VelaLab’s vision for the future
The managing directors of the management board consisting of Klaus Hajszan, Head of Quality and Test Site Manager, Albert Lauss, Head of Operations, and Markus Roucka, Chief Business Development Officer explain their vision for the future: “we will expand our analytical portfolio steadily keeping an eye on the customer’s needs and attach particular importance to digitization and further investments in sustainability in the future.
Digitization will increase process efficiency and enable us to spend time freed up in the solution development for our customer’s analytical requirements as well as continuous training of our staff. Thus, all accompanied by sustainability activities such as reducing lab waste or energy usage to minimize our ecological footprint.”
Furthermore, in the coming years we will expand our analytical services into cell therapies and also continue the close exchange with research experts and customers to initiate and adopt new analytical services hand in hand with new requirements.
Our customers and employees have made these growth and company developments possible. Therefore we would like to take the opportunity to thank them for their loyalty, trust and passion.
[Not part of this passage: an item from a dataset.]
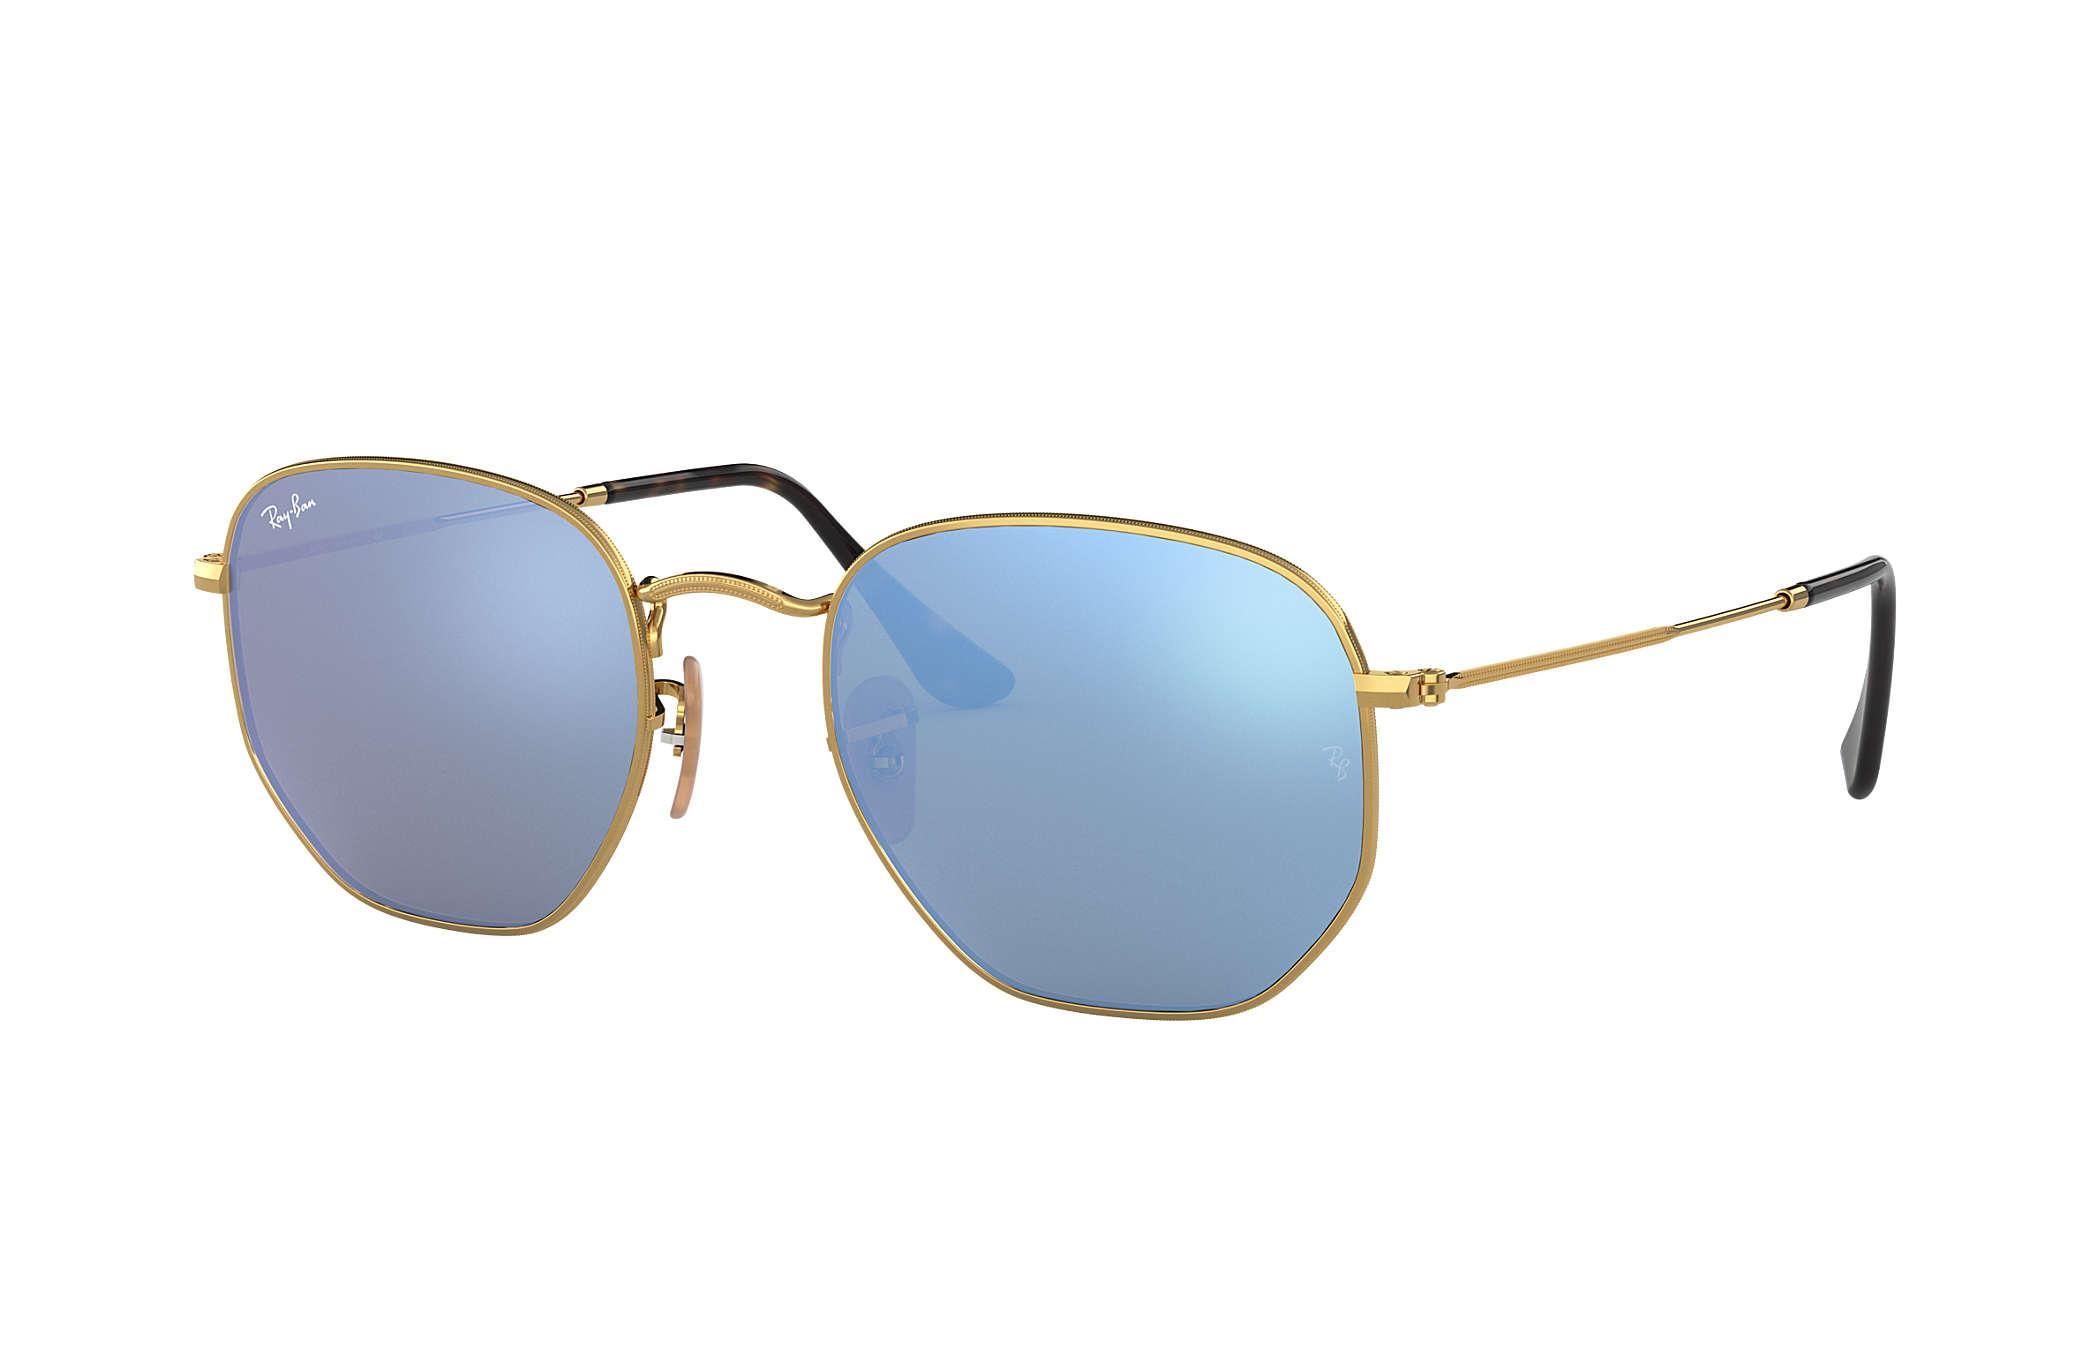 f73d2ffd14c72 Ray-Ban Hexagonal Flat Lenses RB3548N Gold - Metal - Light Blue ...

Without our highly qualified and motivated colleagues, we are able to implement and improve all the systems in operations and to successfully grow the business so much over the last years.
About VelaLabs:
VelaLabs (founded in 2006) is a global, GLP/GMP certified and GCLP-compliant contract laboratory that provides analytical characterization services for pharmaceuticals, including proteins, biosimilars, hormones, monoclonal antibodies and peptides. With broad expertise in customer-specific analytical method development and analysis and a highly motivated team, VelaLabs supports its customers from research to preclinical & clinical phases to product commercialization and market release in Europe.
Since 2021, VelaLabs, equipped with a cleanroom newly built in 2020, has been offering the entire spectrum of microbiological services with a focus on the pharmaceutical sector. VelaLabs, based in Vienna (Austria), has been part of the Tentamus Group since 2016.